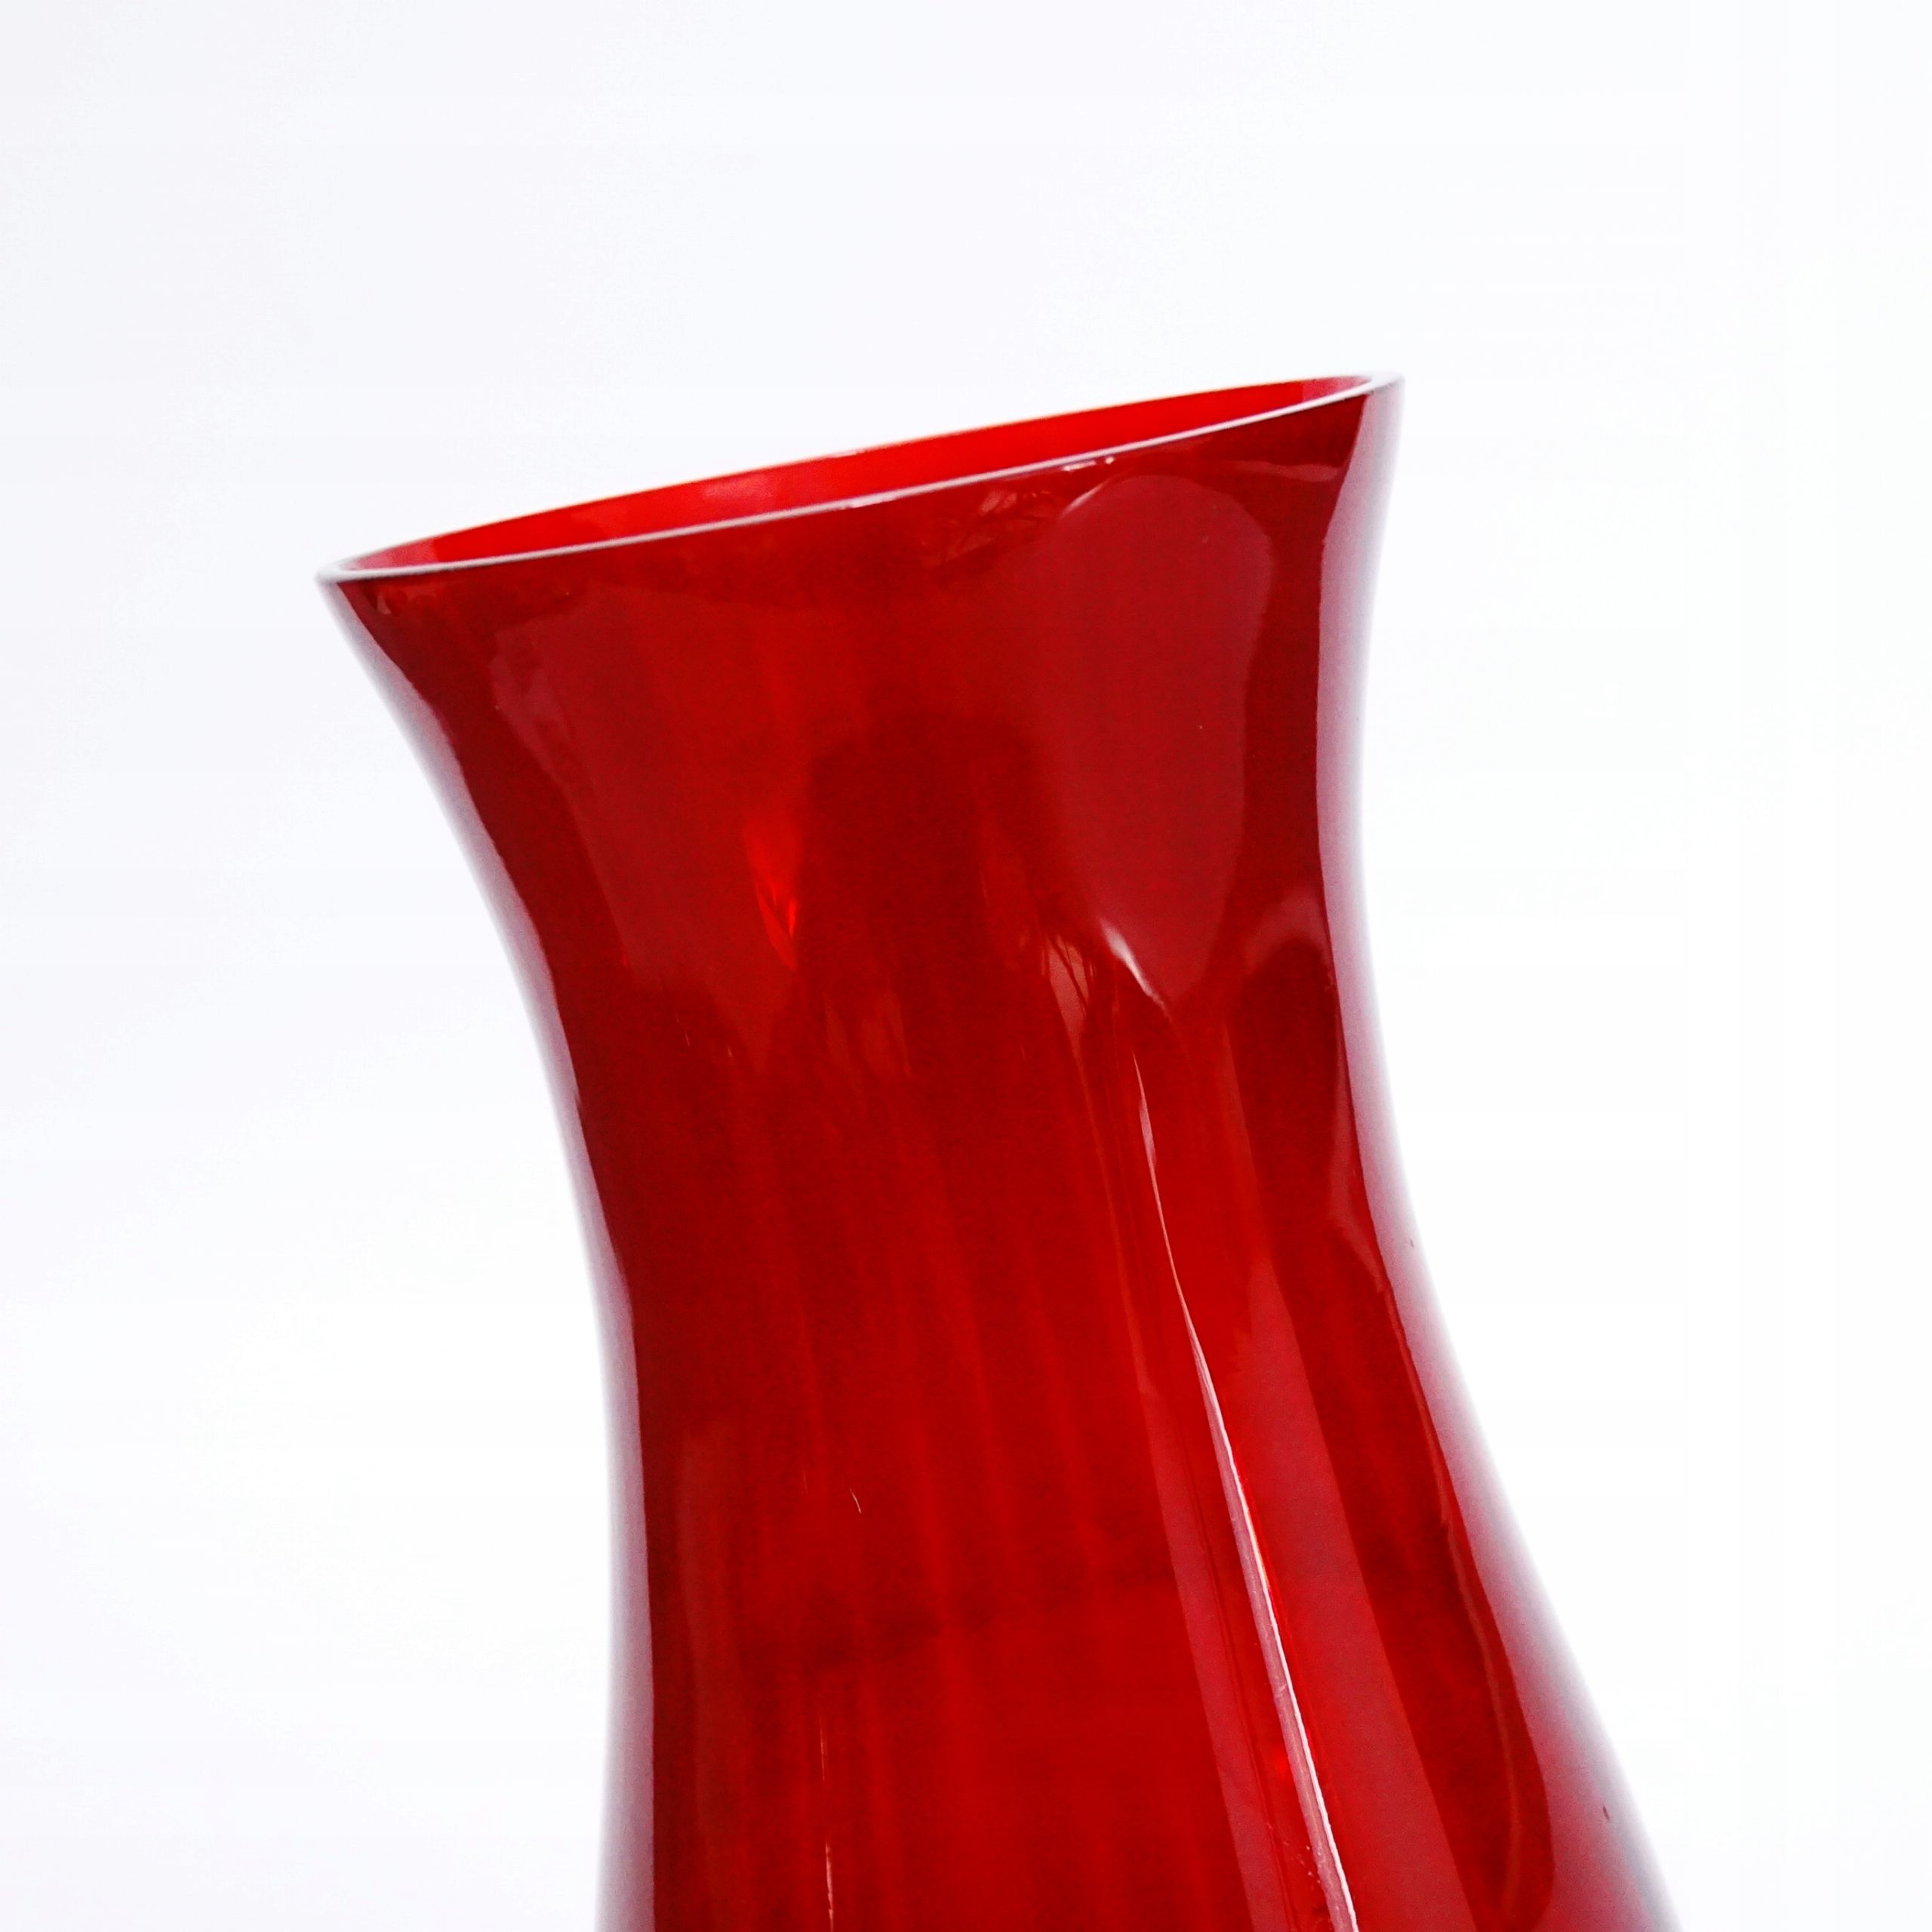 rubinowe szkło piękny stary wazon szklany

==

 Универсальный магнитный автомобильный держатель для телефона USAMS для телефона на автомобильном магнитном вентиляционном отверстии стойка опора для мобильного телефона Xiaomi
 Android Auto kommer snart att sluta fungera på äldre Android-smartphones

* * *

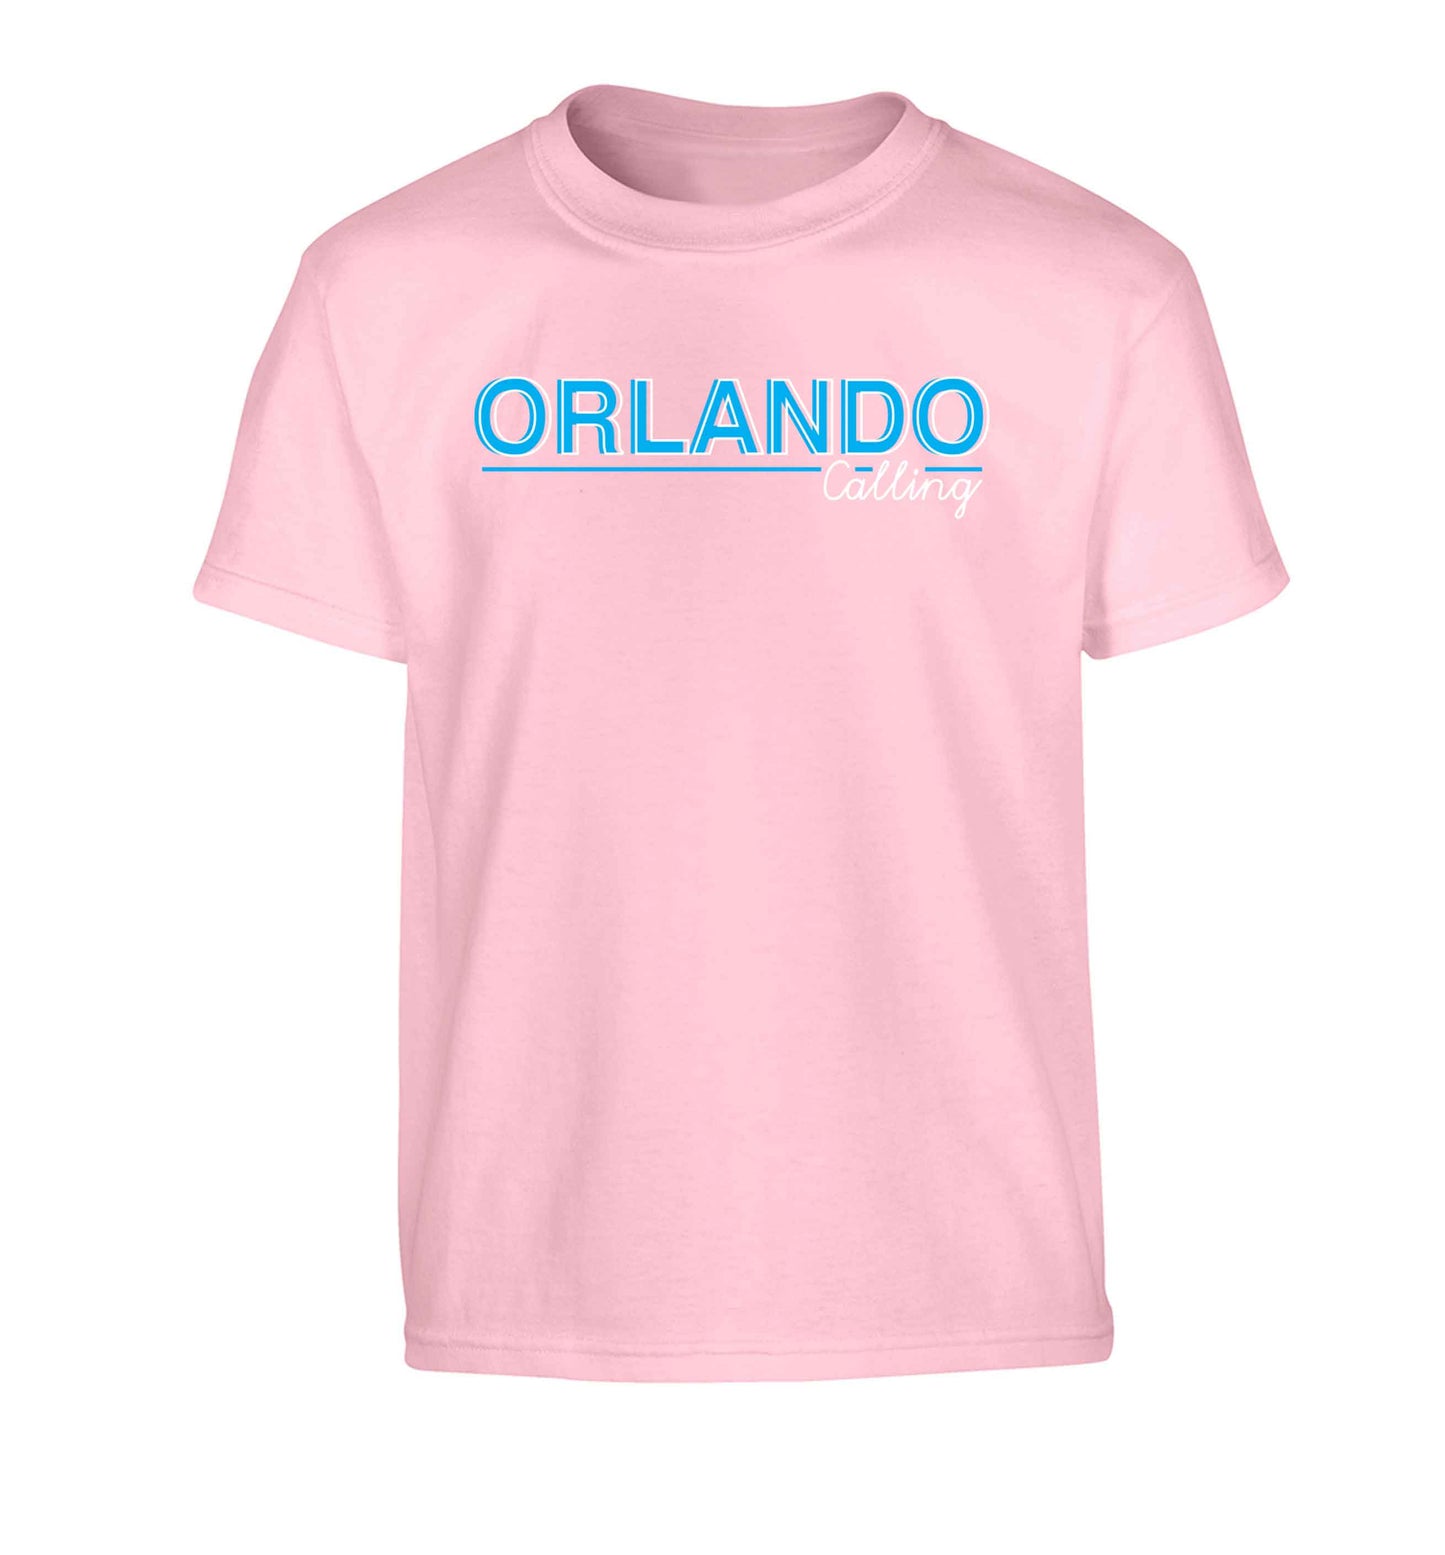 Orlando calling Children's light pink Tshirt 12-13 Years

EXERCISE DESCRIPTION
After locating the line holding "Универсальный магнитный автомобильный" above, output exactly that line and every line after it through the line holding "Android Auto kommer". Include nothing else.

WRITTEN SOLUTION
 Универсальный магнитный автомобильный держатель для телефона USAMS для телефона на автомобильном магнитном вентиляционном отверстии стойка опора для мобильного телефона Xiaomi
 Android Auto kommer snart att sluta fungera på äldre Android-smartphones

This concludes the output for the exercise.